Тётушка помолчала, глядя на озеро, на дальний берег, на ясное небо.
— Разное говорят в деревне, — ответила она наконец осторожно. — Кто говорит, что он гордый, спесивый, не хочет с простой девкой жизнь связывать, ищет себе ровню. Кто говорит, что у него в Петербурге невеста была, из благородных, да померла от чахотки года три назад, и он до сих пор убивается.
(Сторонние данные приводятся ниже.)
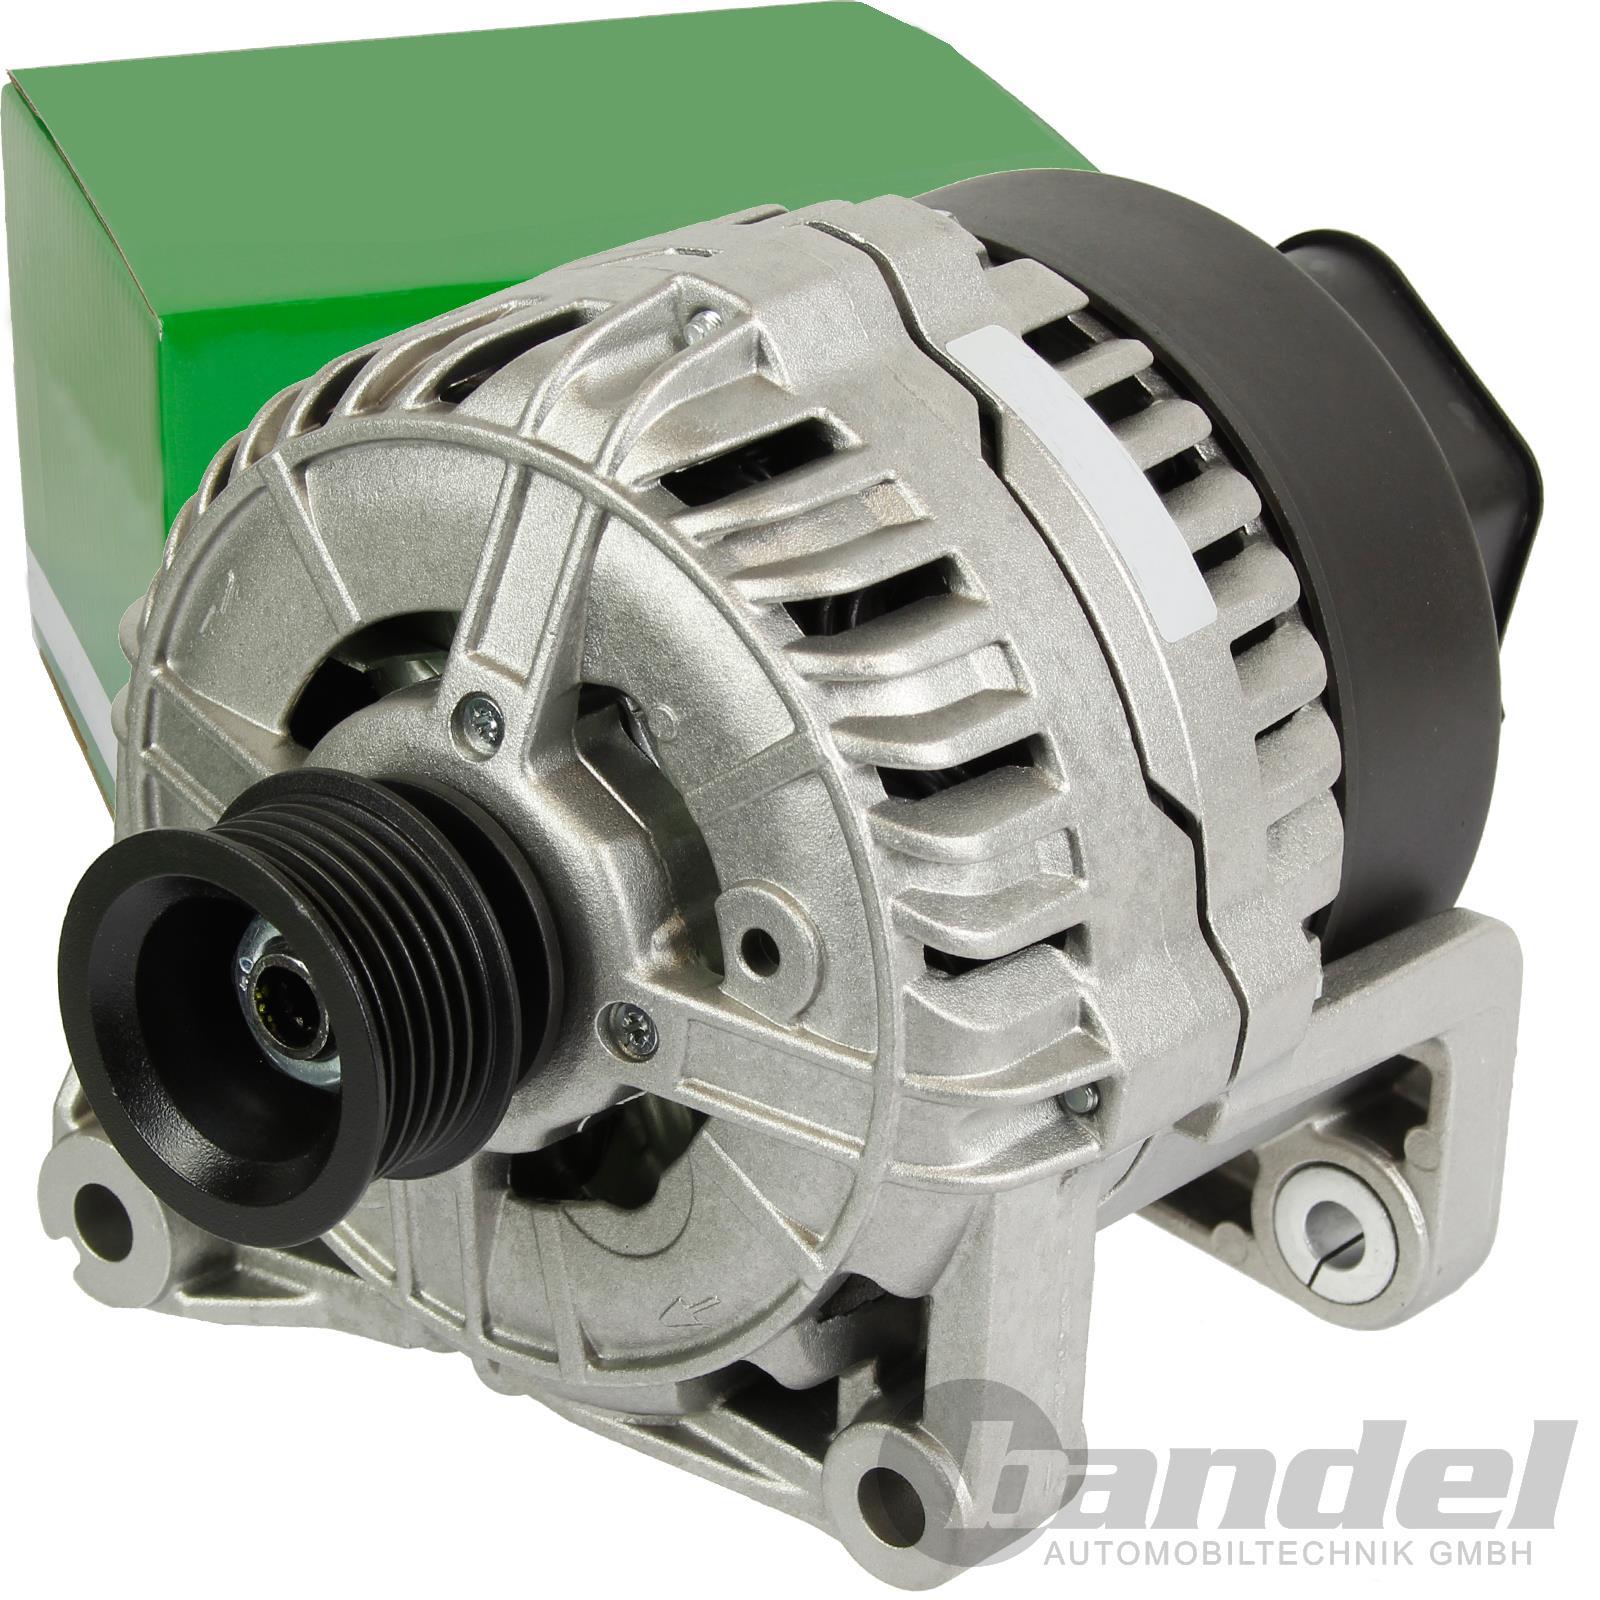 Lichtmaschine Generator BMW 3er E36 320 323 325 328 i 5er E34 520 525 i ix

А кто… — она покосилась на Арину, и взгляд её стал серьёзным, почти суровым, — кто говорит, что он с лесом знается, с нечистой силой.
— С лесом? — не поняла Арина, чувствуя, как по спине пробегает холодок. — С какой ещё нечистой силой?
— Ну, знахарь он, — пояснила тётушка негромко, почти шёпотом. — Травы собирает, настои варит, людей лечит, скотину заговаривает, от сглазу и порчи помогает. К нему из других деревень приезжают, и из города даже, бывает, господа приезжают, кто победнее да поумнее, а не к докторам нашим. И звери к нему идут. Без страха. Я сама видела, своими глазами — лиса приходила к его дому, сидела на крыльце, как собака, хвостом метёт, на солнышке греется. А он вышел, погладил её, что-то шепнул на ухо, и ушла она, довольная. С тех пор и верю, что не простой он человек.
Арина слушала, затаив дыхание, и чувствовала, как внутри неё растёт жгучее, почти детское любопытство. Знахарь, к которому приходят дикие звери без страха, как к своему… Это было похоже на сказку, на те дивные истории, что рассказывала ей в детстве няня.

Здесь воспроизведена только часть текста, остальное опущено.